Firstly, what is conversion optimisation and why is it important?

The aim is to encourage users to stay and convert by explaining the value proposition, and building in habitual dependance.

Basically, every lead your business generates has a cost, let’s say you spend $1000 on marketing and from that you generate 2 new clients.

You can see in Google Analytics that 112 users clicked through to your website from the campaign.  From those 112 users that visited your website you generated 2 new clients.

Your cost of acquisition then would be:
$1000 / 2 new clients = $500 per acquisition.

But, what if you could convert more of the 112 people that successfully visited your website?

That’s Conversion Optimisation.

We had a client last year which came to us with the scenario above.  After spending 2 hours working on his site, we increased his conversion rate by 10 times.

That means for every $1000 he spent on marketing he was now getting on average 20 new clients.  That’s a new acquisition cost of $50 per client instead of the previous $500 per client

1. What you can track you can improve

Firstly you need to set a baseline, so that you have a clear understanding of what is happening on your website or app.  Additionally there are some fantastic tools like Google Analytics, Mix Panel and Flurry for apps that can help you figure out where you are losing users. Additionally you can see how many people viewed each page and average time on each page.

Another great thing you can do is add funnels to your analytics platform.  This lets you set the order of pages or actions for the tracker to follow, so it might be home page, product’s search, product detail, checkout page 1, checkout page 2, payment.  

 

This way you can easily see how many users you are losing at each step.  Finally how many user make it through to the final payment step.

2. Optimise the flow

Remove as many steps as possible, and as much info as possible,  Audit every piece of information, and especially audit every piece of info you are asking the user to give you.  Do you really need ‘Age’, do you need ‘gender’ in the signup, will you ever use this information and is it worth losing 20% of the leads to obtain it.

The more info in each step the longer it will take users to fill it out and the more users you will lose along the way.  

You might lose them because they can’t be bothered filling it all in, or you might just lose them because they get distracted by daily life; For example kids interupt them or they reach the stop on their train to work.  Life is busy and users often only have a short window to complete any action.  If you make it harder or longer, users will opt out, or run out of time.

3. Explain the value proposition

There are so many websites I’ve visited that don’t explain what they do or what they are selling.  More importantly, ‘why’ the user should care.

Talk to the user with emotive language, start with why, then explain the how and what.  We typically create an empathy map persona (see example above) to try to better understand the user.  This includes figuring out their needs, wants, hesitations, end goals and influencers.  Often some of their hesitations can provide the best insight on what to cover.  Are they concerned about security, cost, privacy?

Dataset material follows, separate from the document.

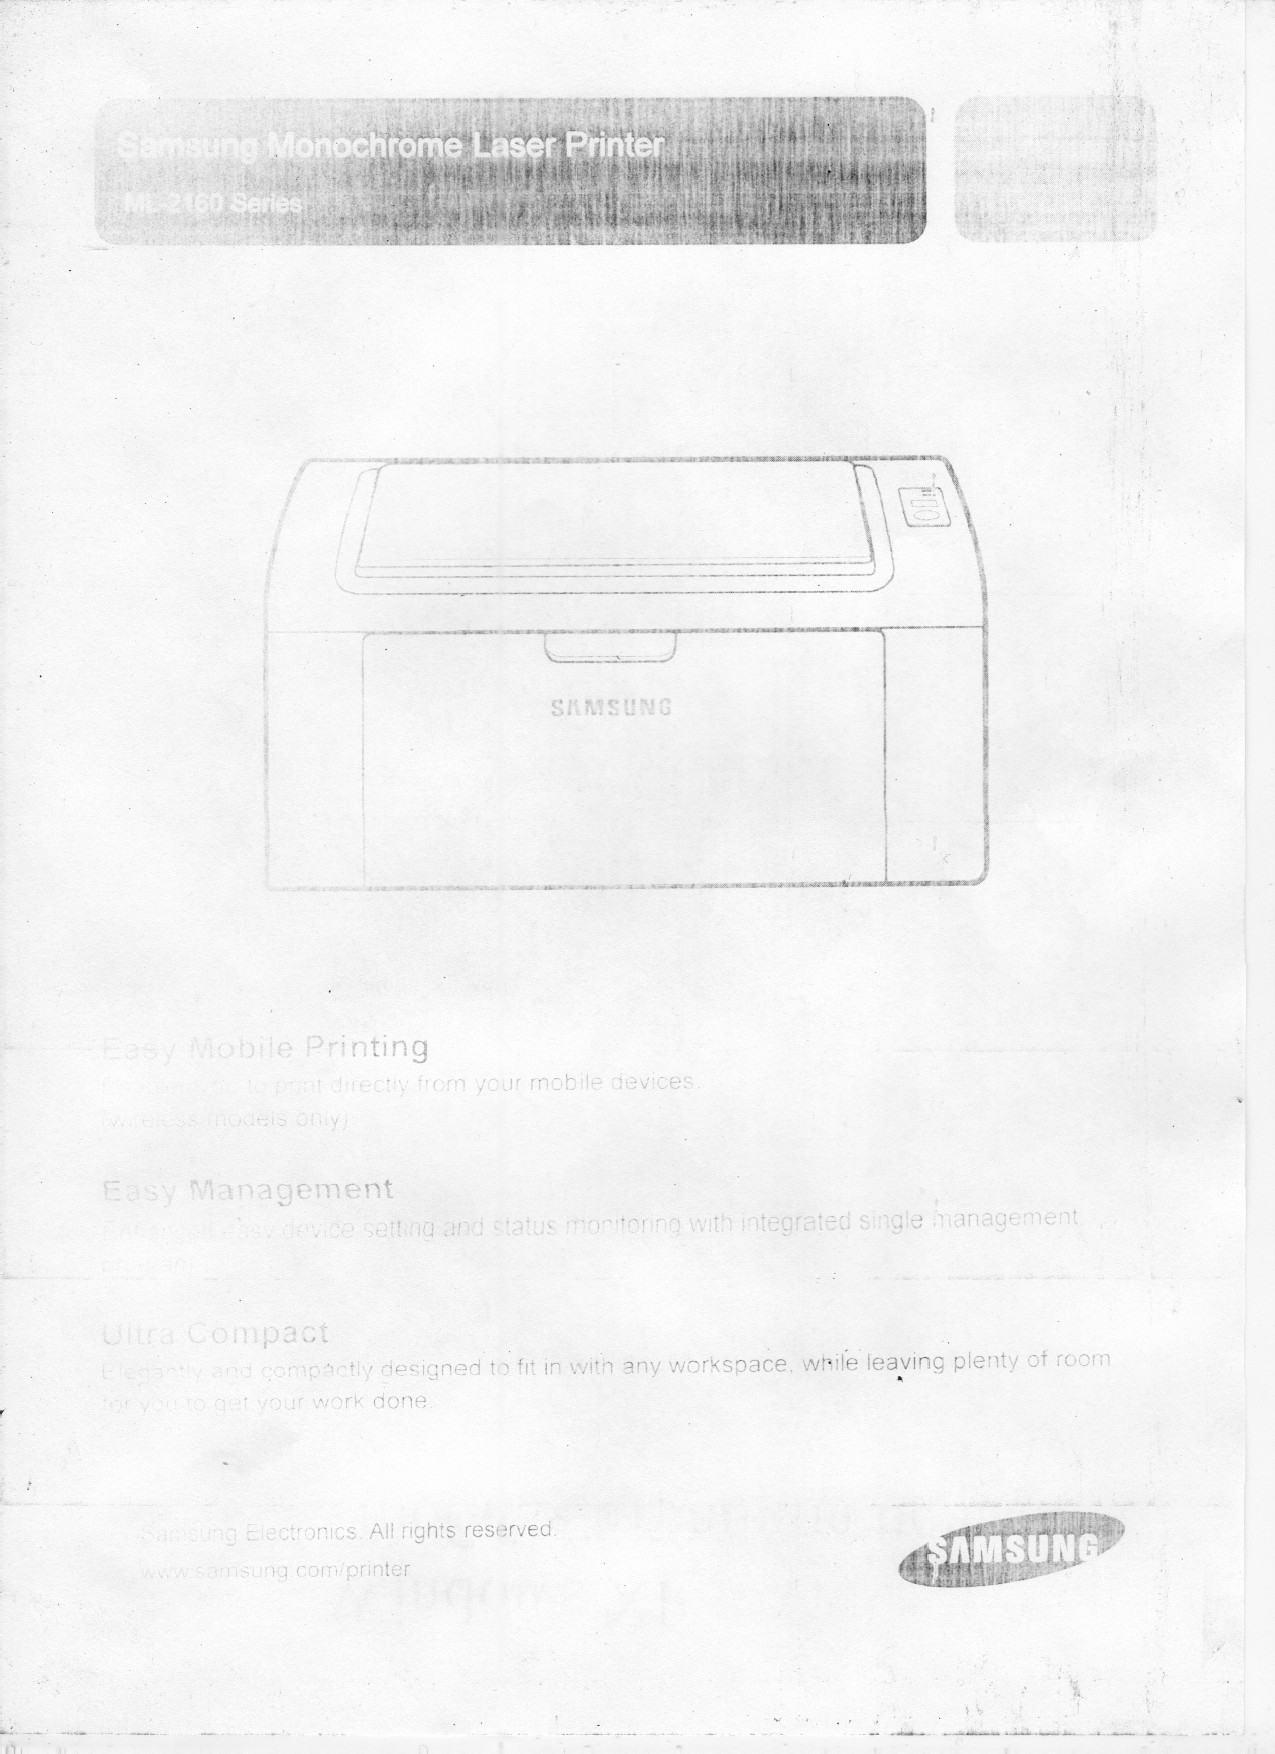 Принтер Mimaki тускло печатает
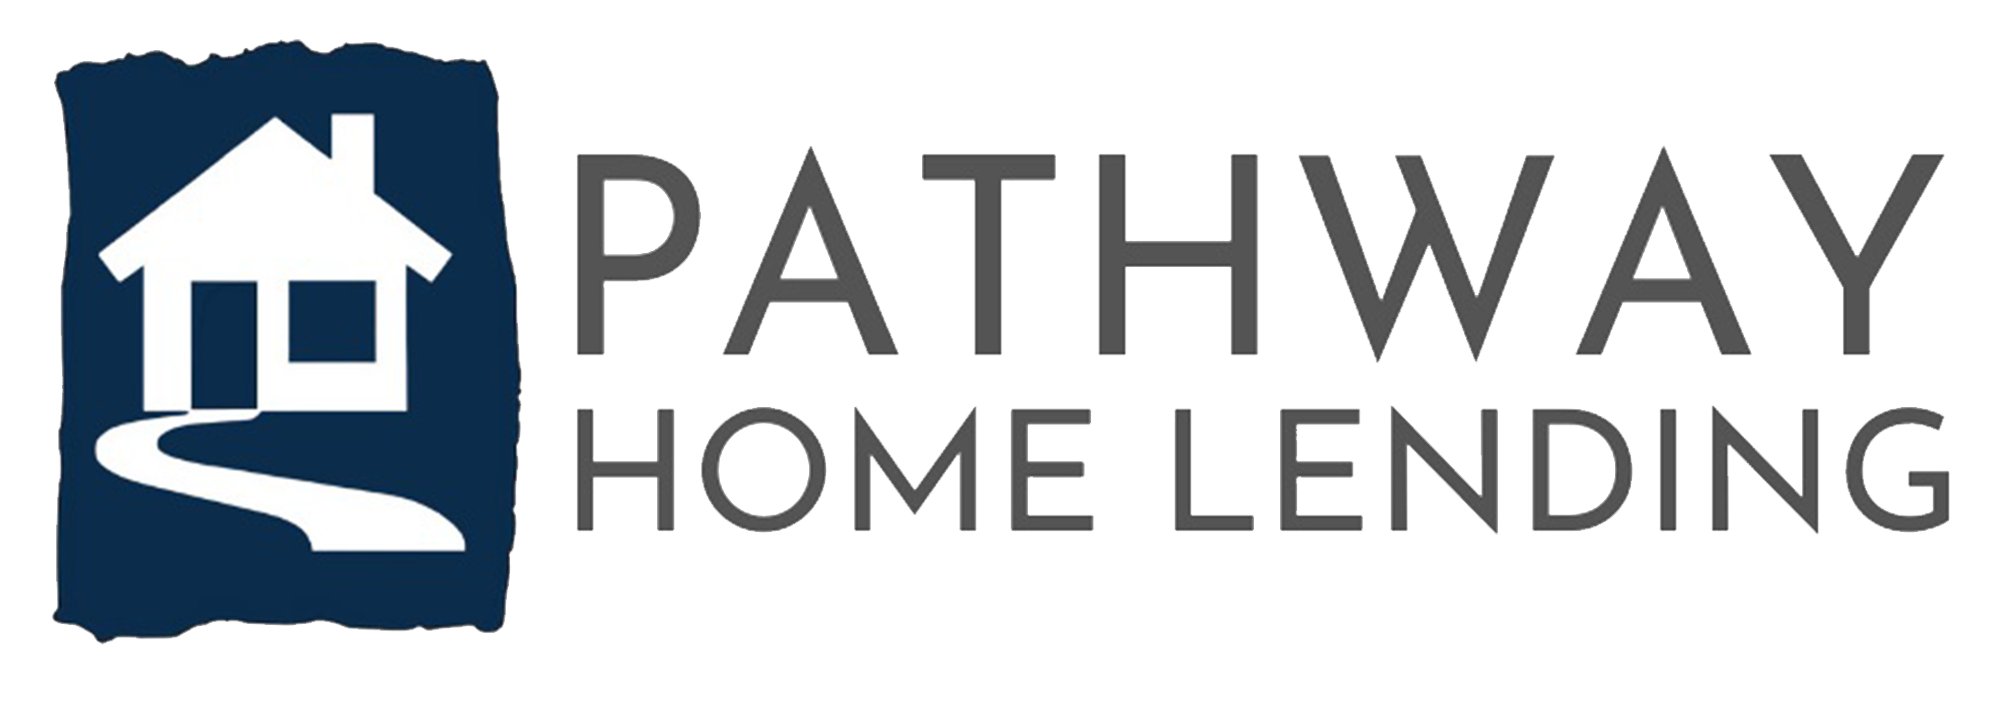 Pathway Home Lending Inc

Cover all these in the onboarding process to ensure that these concerns are covered.

4. A/B Split test

One of the best tools you can use is running split tests.  Some systems allow you to run tests where 50% of the user base gets 1 design and the other 50% gets an alternate design, flow or landing page.

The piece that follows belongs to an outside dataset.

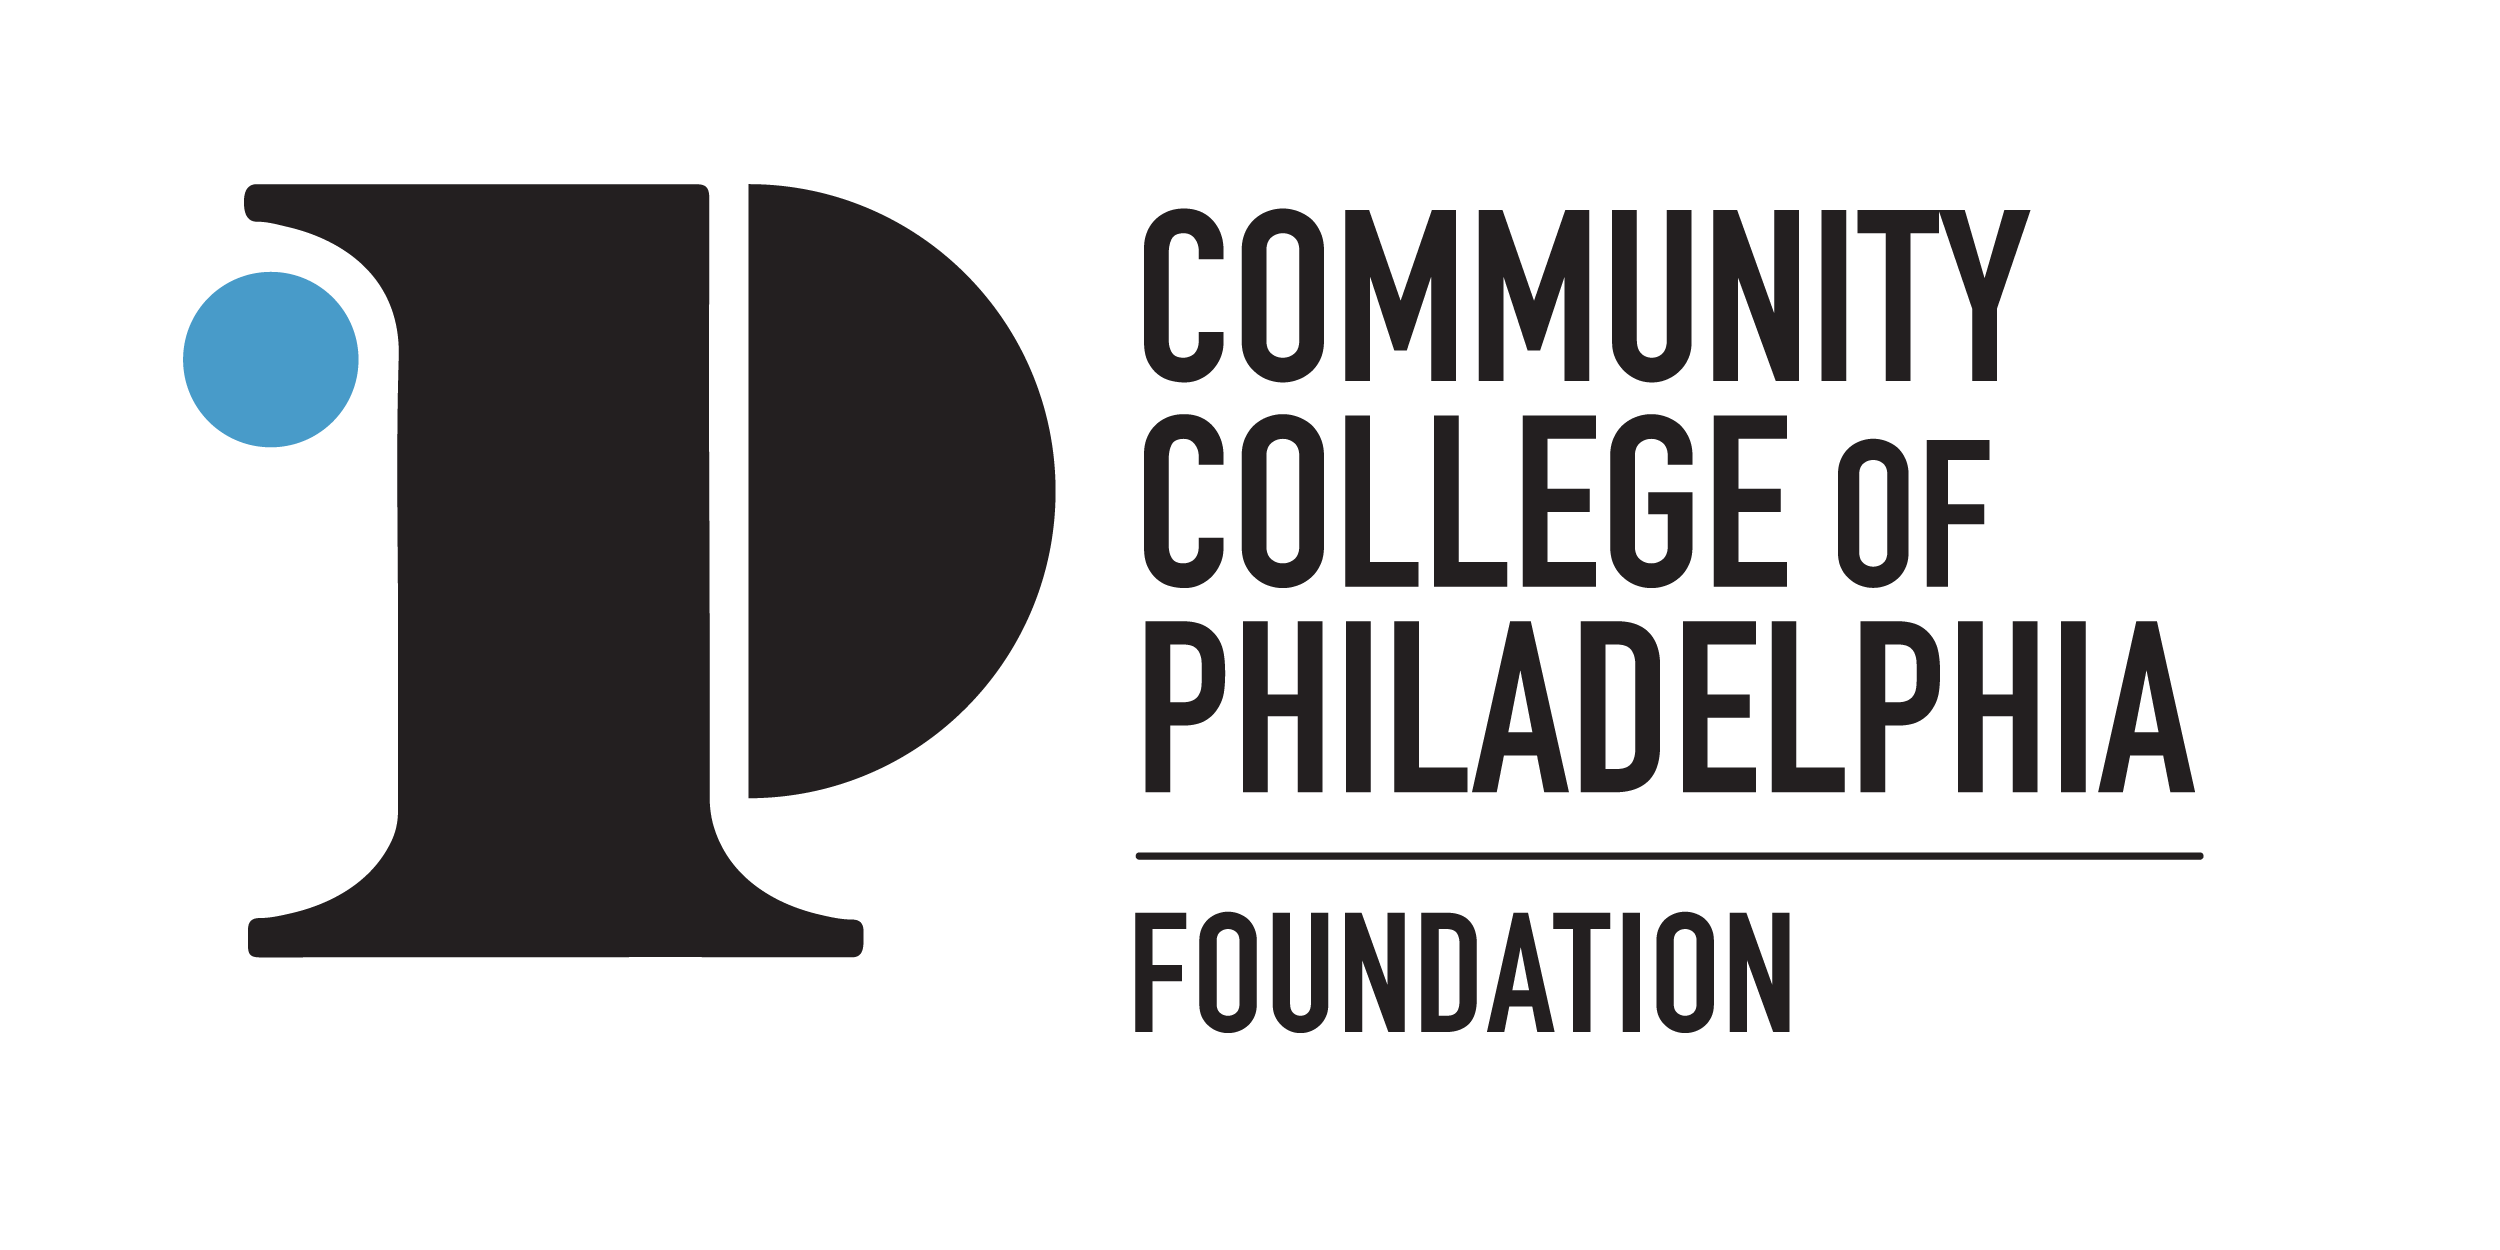 Community College of Philadelphia Foundation

Alternatively a cheaper way to do this is to split test manually, do the first week with 1 and the second week with the other and then compare stats.  

Apps like Netflix do this all the time.  One users sees a price of $14 a month and the next $12 a month and then they can optimise their conversion based on the mood of the audience to a pay at a certain level.

Sometimes it can be as simple as trying a different colour on the ‘call to action’ button, or trying different wording in the call to action.  Often the best results can be gained from simplifying the page.  Nobody wants to fill in a large form or read heaps of info.

The key to optimising is to split test, verify the results and then continue splitting and splitting the successful tests until you hit the optimum level.  You hit this when multiple tests you run yield very similar results or when you hit a target for the conversions that makes the clients marketing funnel more than viable.

5. Remove confusion and push users through any drop of gates to keep the goal clear

Figure out what you want the user to do and work at keeping 1 clear message or action per page.  Users can get distracted or confused easily, it’s fine to have many different points and information, but make sure that one is primary, and that users understand what is expected of them.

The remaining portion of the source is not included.